The task>
In this exercise, the entries below include pictures. Repeat exactly the lines from the line with "Naturalizer Fenna Knee" to the line with "Fifth seed Carlos", including both, but without the pictures.

Records>
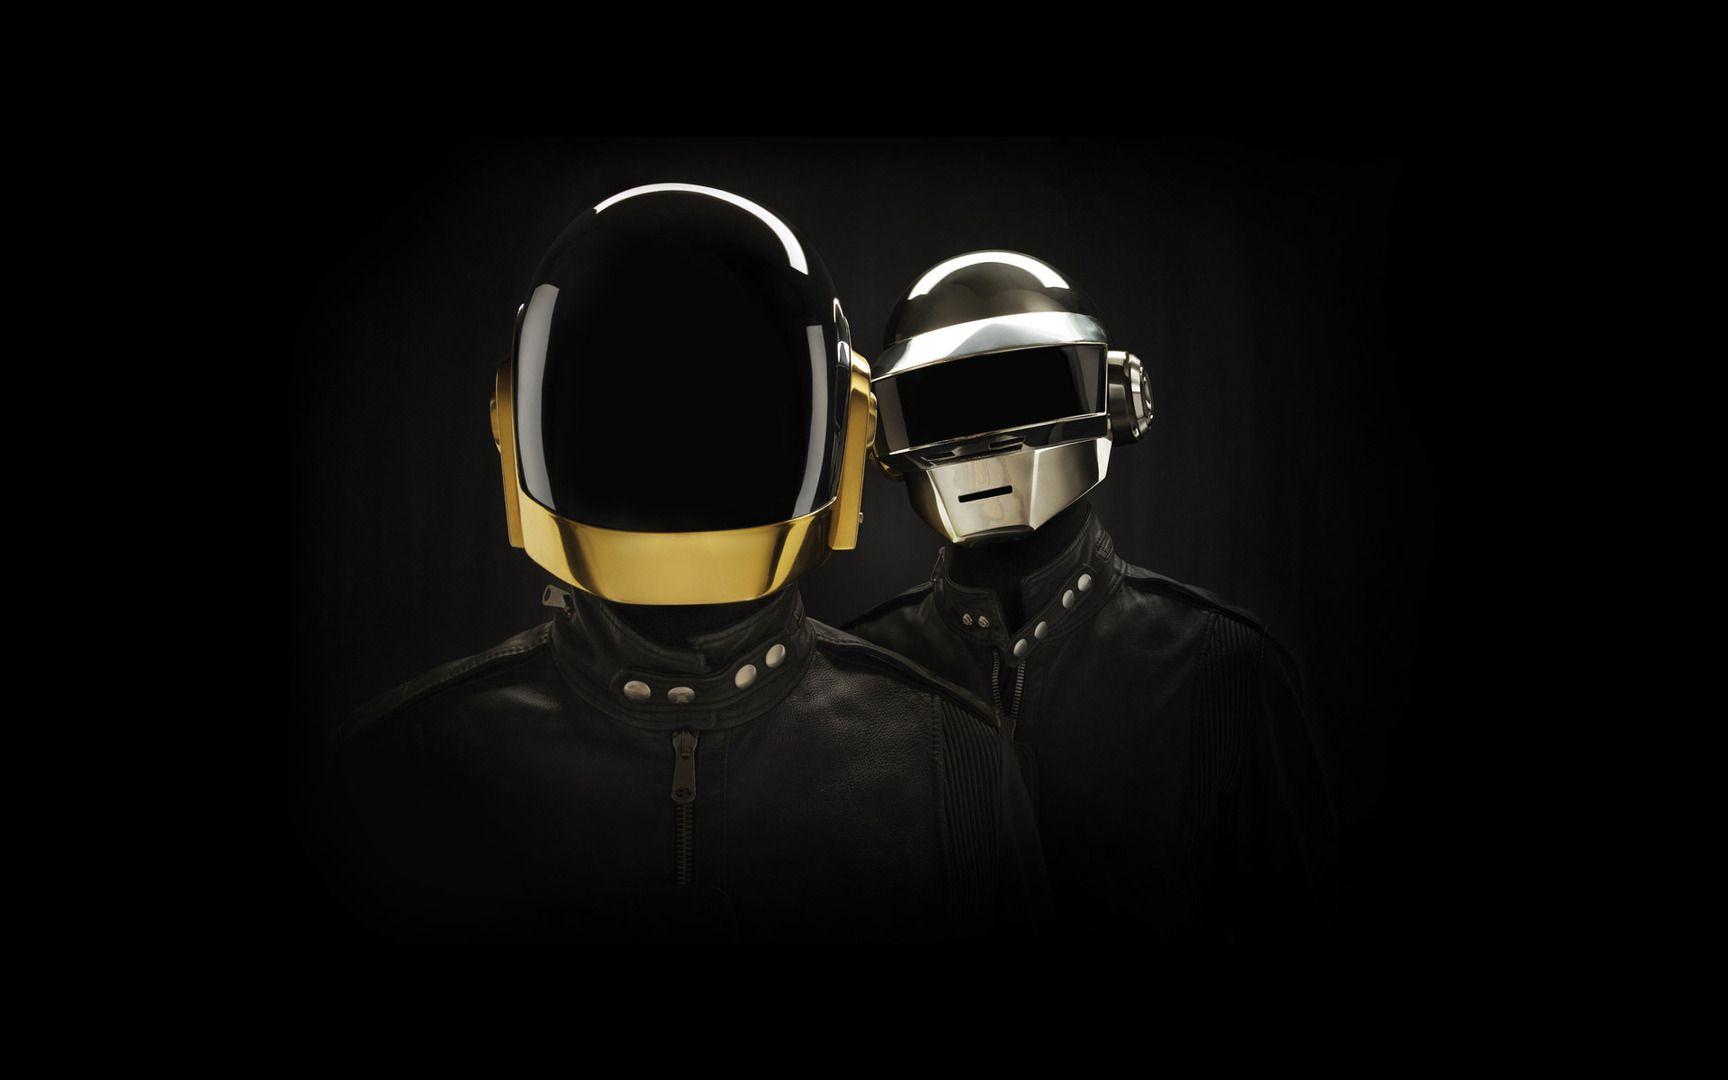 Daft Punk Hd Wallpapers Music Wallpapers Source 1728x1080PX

...

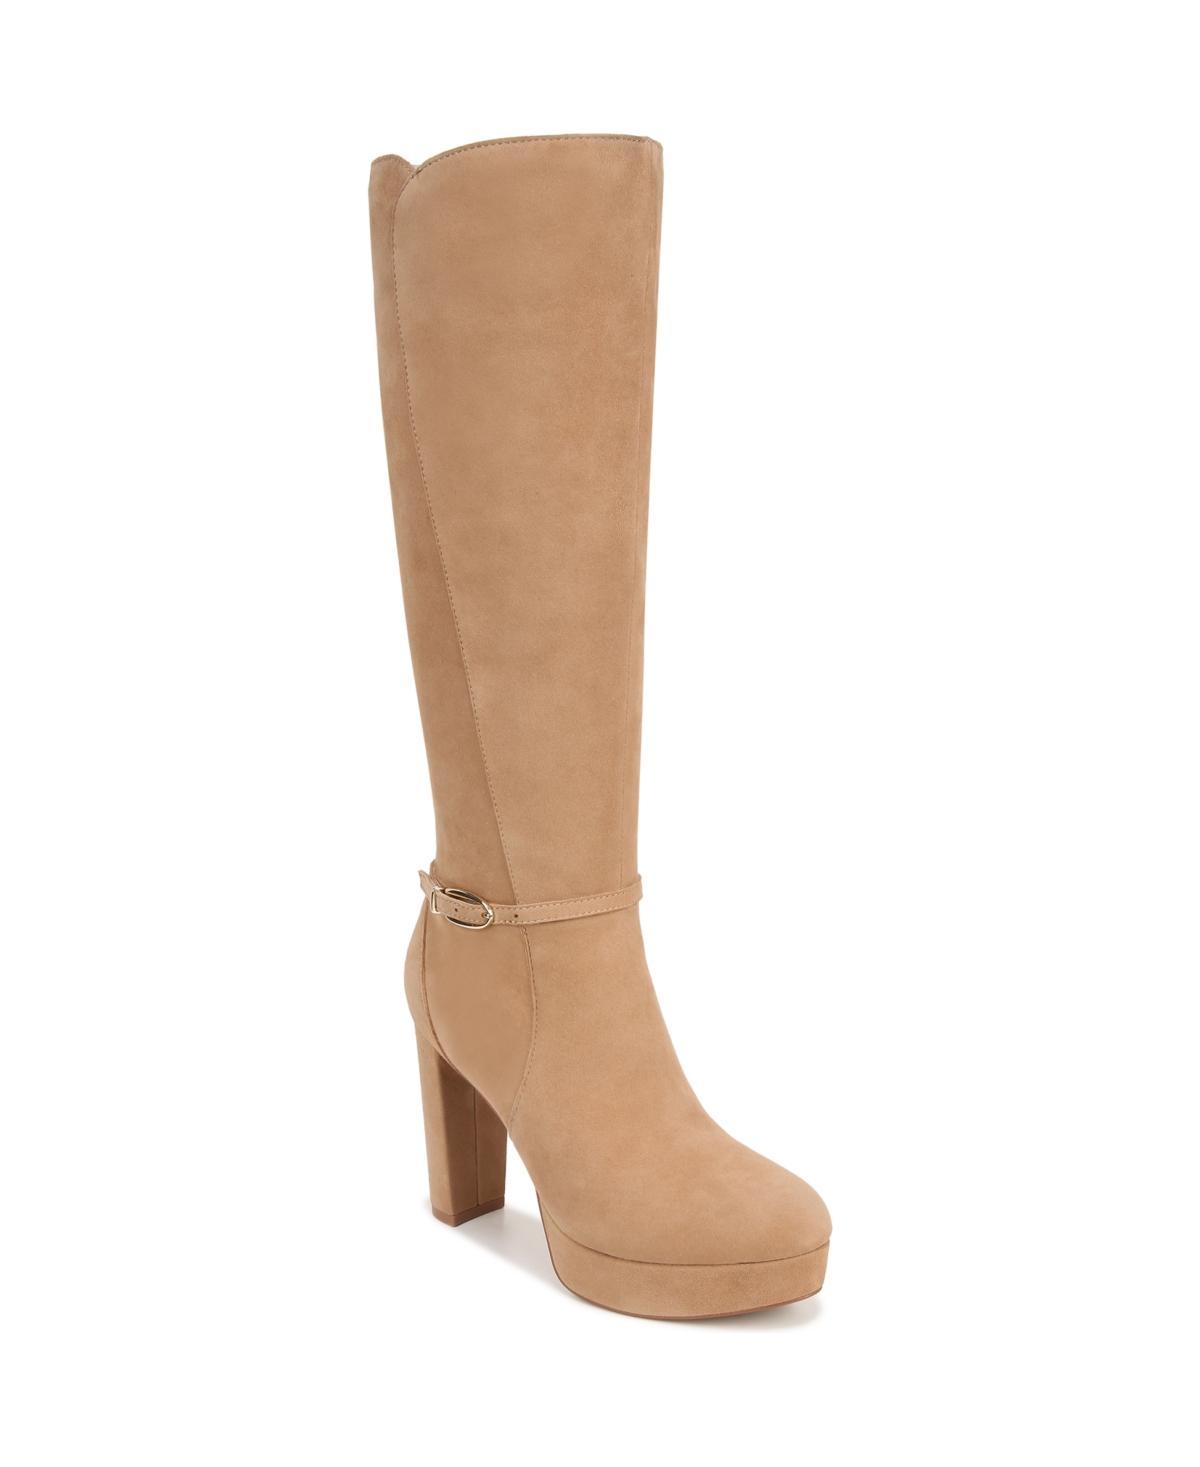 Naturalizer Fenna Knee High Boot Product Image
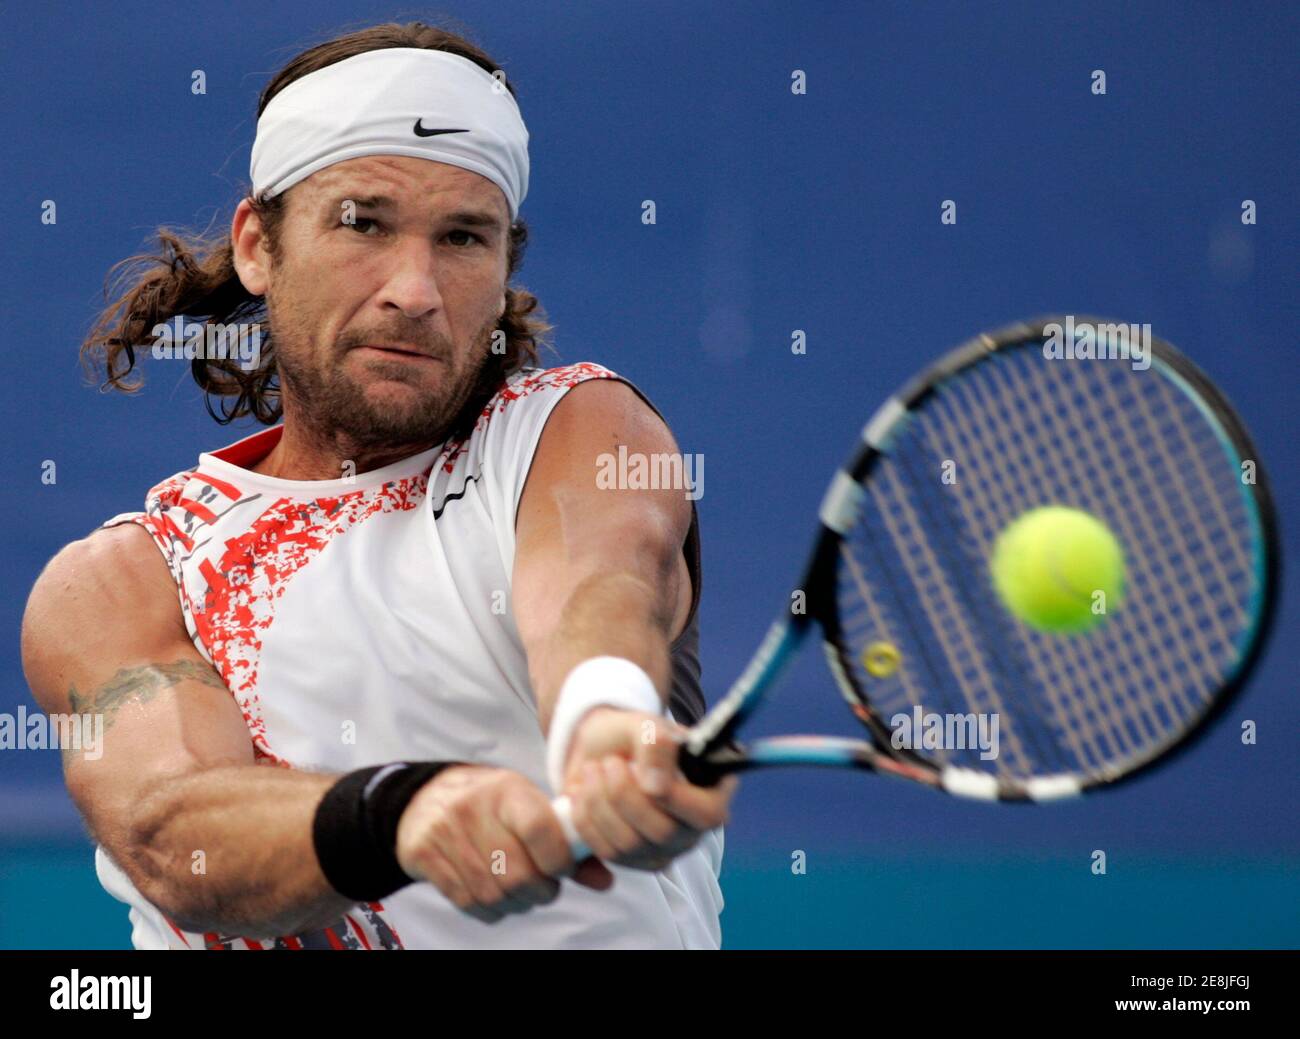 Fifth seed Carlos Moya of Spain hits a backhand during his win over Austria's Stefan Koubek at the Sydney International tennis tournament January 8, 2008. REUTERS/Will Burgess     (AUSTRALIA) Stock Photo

* * *

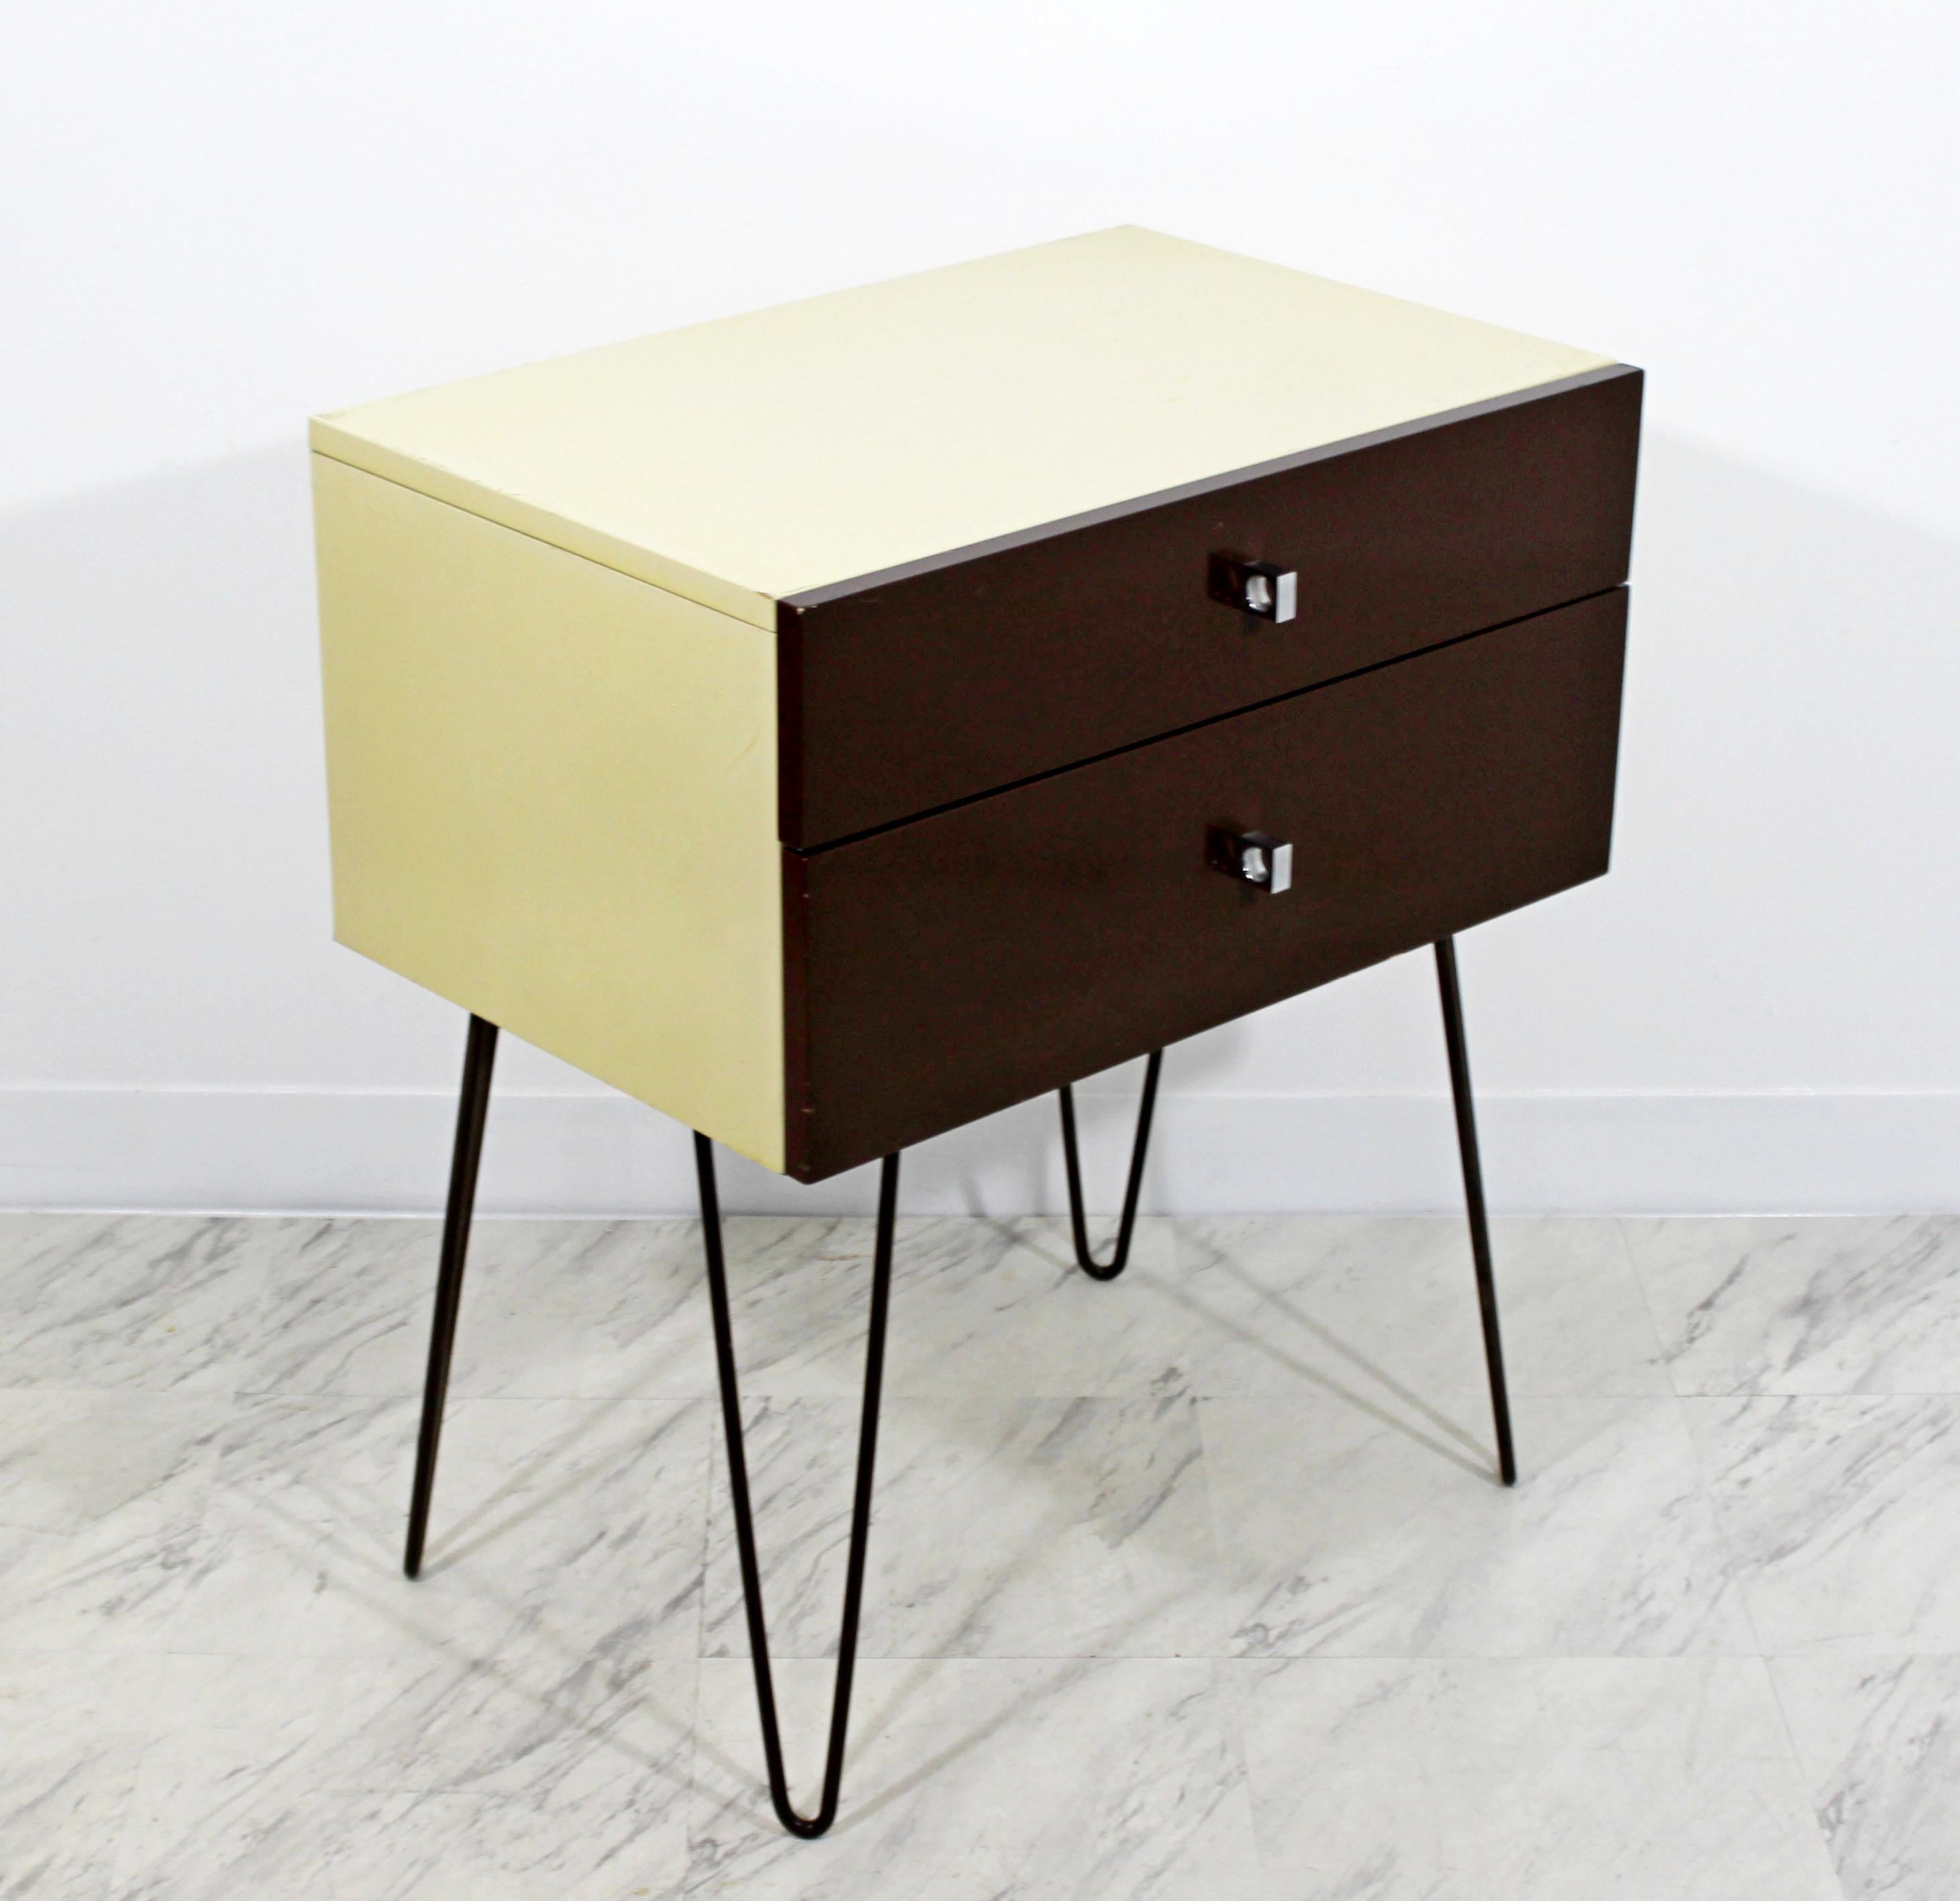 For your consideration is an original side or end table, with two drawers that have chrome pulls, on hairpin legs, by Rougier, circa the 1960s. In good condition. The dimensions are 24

Output of the task>
 Naturalizer Fenna Knee High Boot Product Image
 Fifth seed Carlos Moya of Spain hits a backhand during his win over Austria's Stefan Koubek at the Sydney International tennis tournament January 8, 2008. REUTERS/Will Burgess     (AUSTRALIA) Stock Photo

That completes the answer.